▶ [Exercise description] Starting from the line with "NGTC Certified 3.73" and going up to and including the line with "The details of the diamond are mentioned", copy the listing below exactly. Leave all images out.

▶ [Input]
##############################

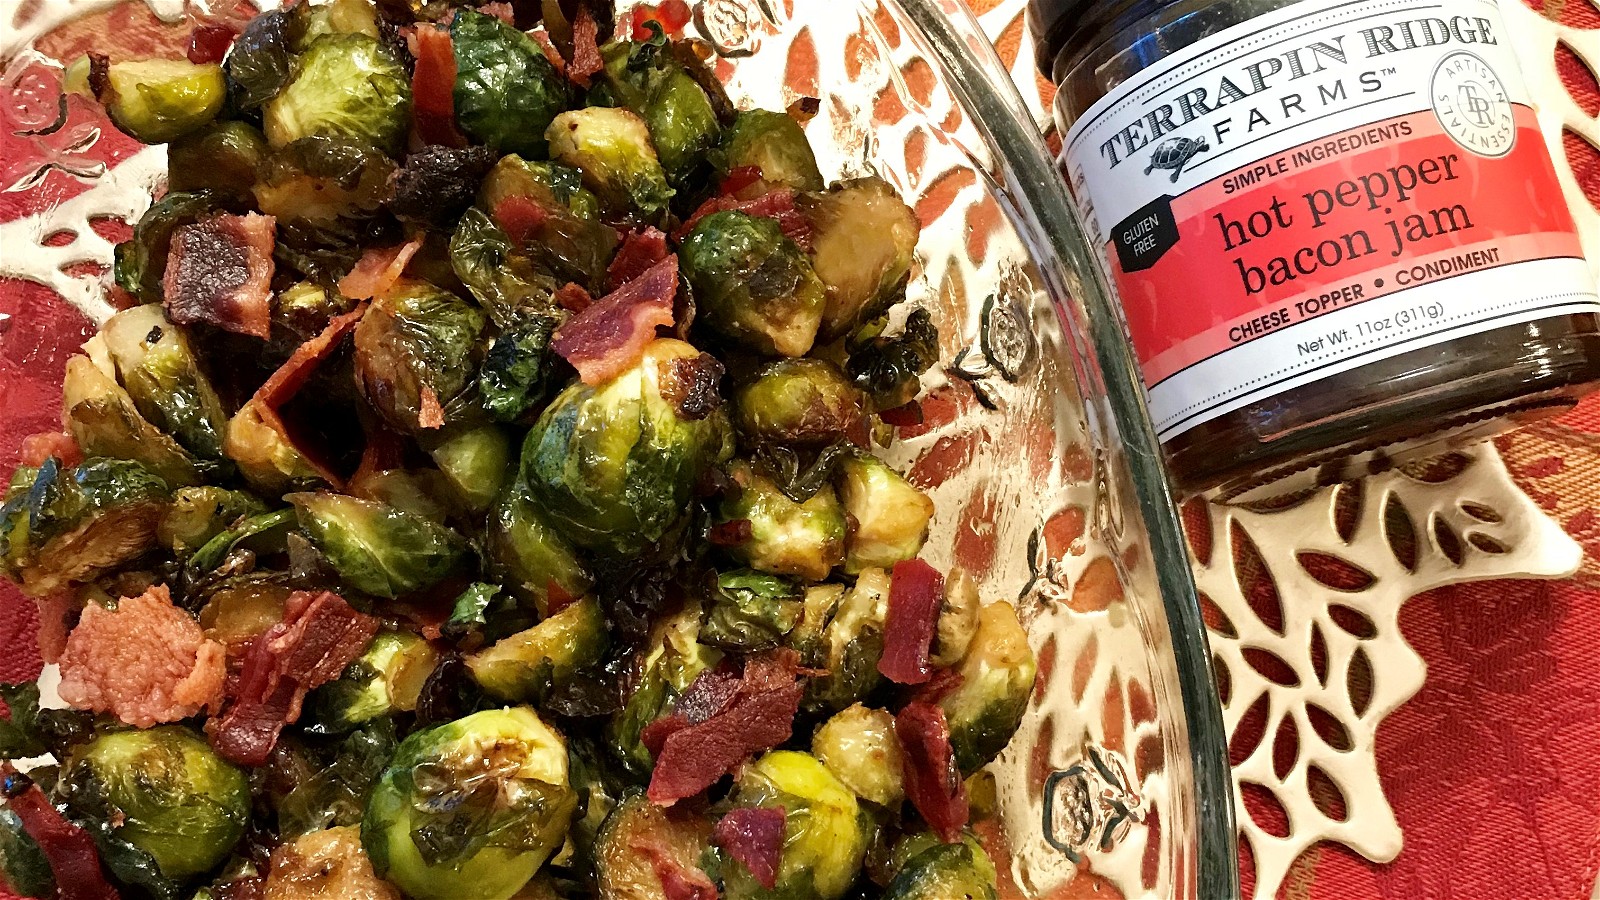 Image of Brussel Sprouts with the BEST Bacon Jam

##############################

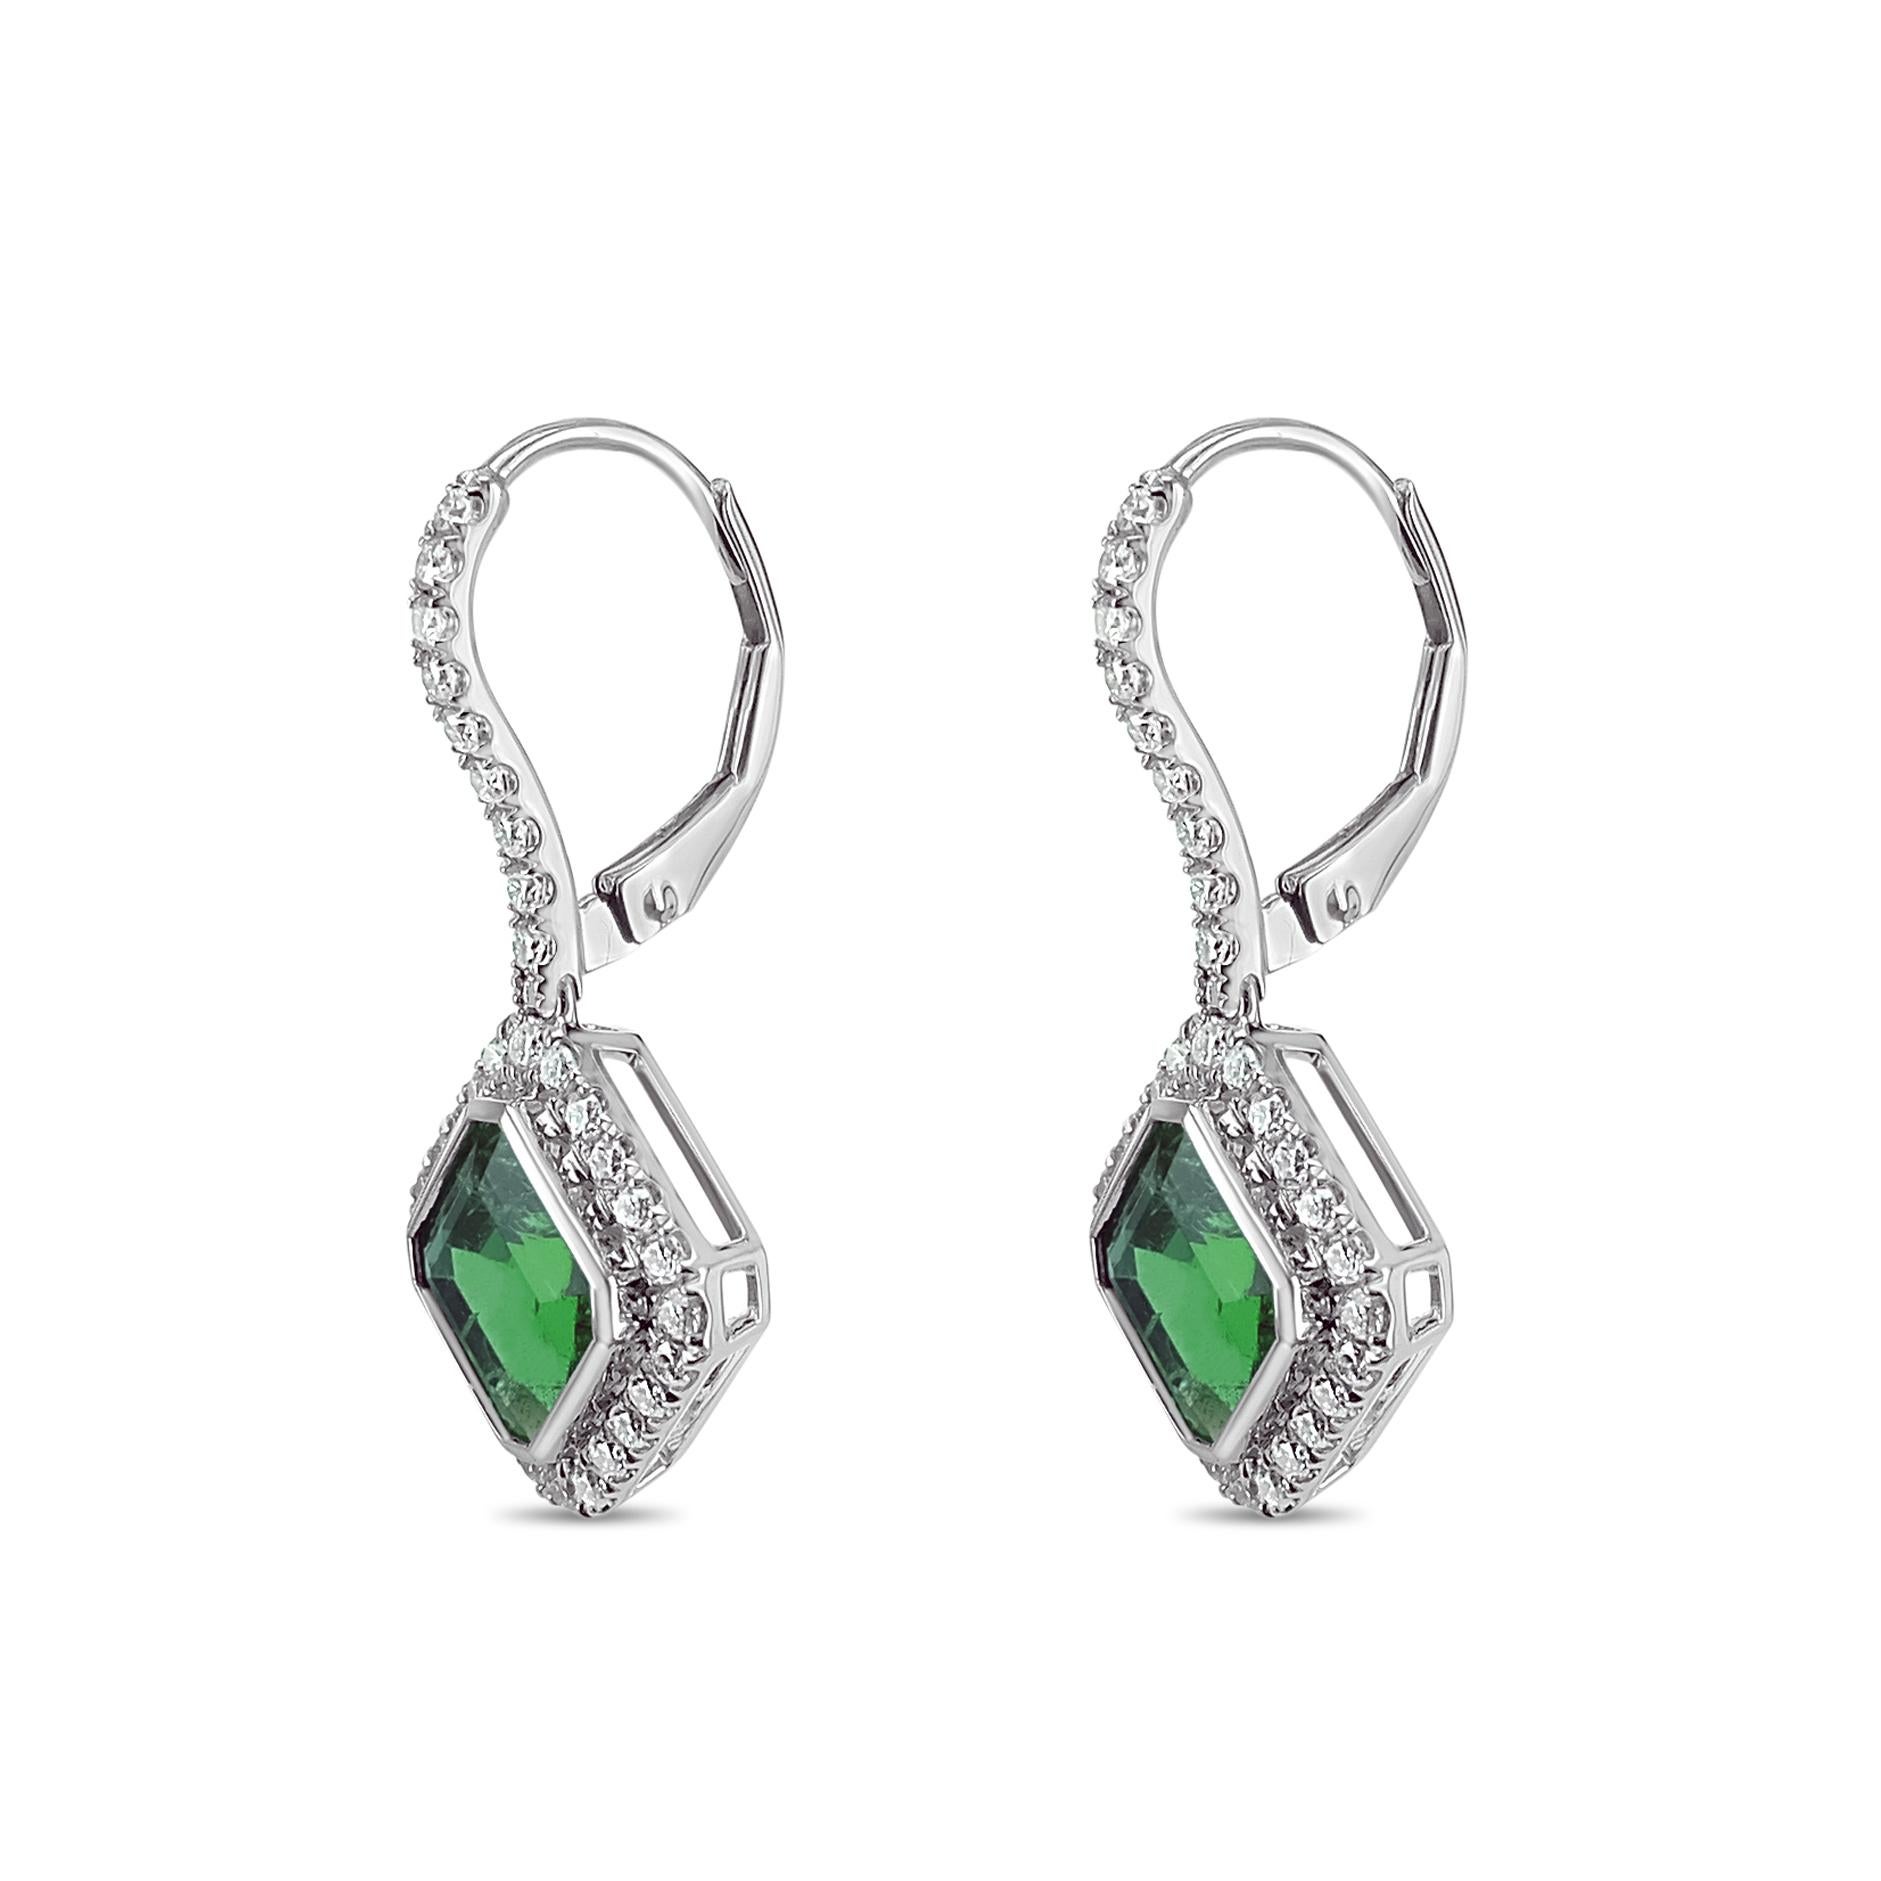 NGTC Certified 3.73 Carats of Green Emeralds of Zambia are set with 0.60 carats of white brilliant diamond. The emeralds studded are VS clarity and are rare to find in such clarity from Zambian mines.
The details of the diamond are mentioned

##############################

▶ [Your solution]
 NGTC Certified 3.73 Carats of Green Emeralds of Zambia are set with 0.60 carats of white brilliant diamond. The emeralds studded are VS clarity and are rare to find in such clarity from Zambian mines.
The details of the diamond are mentioned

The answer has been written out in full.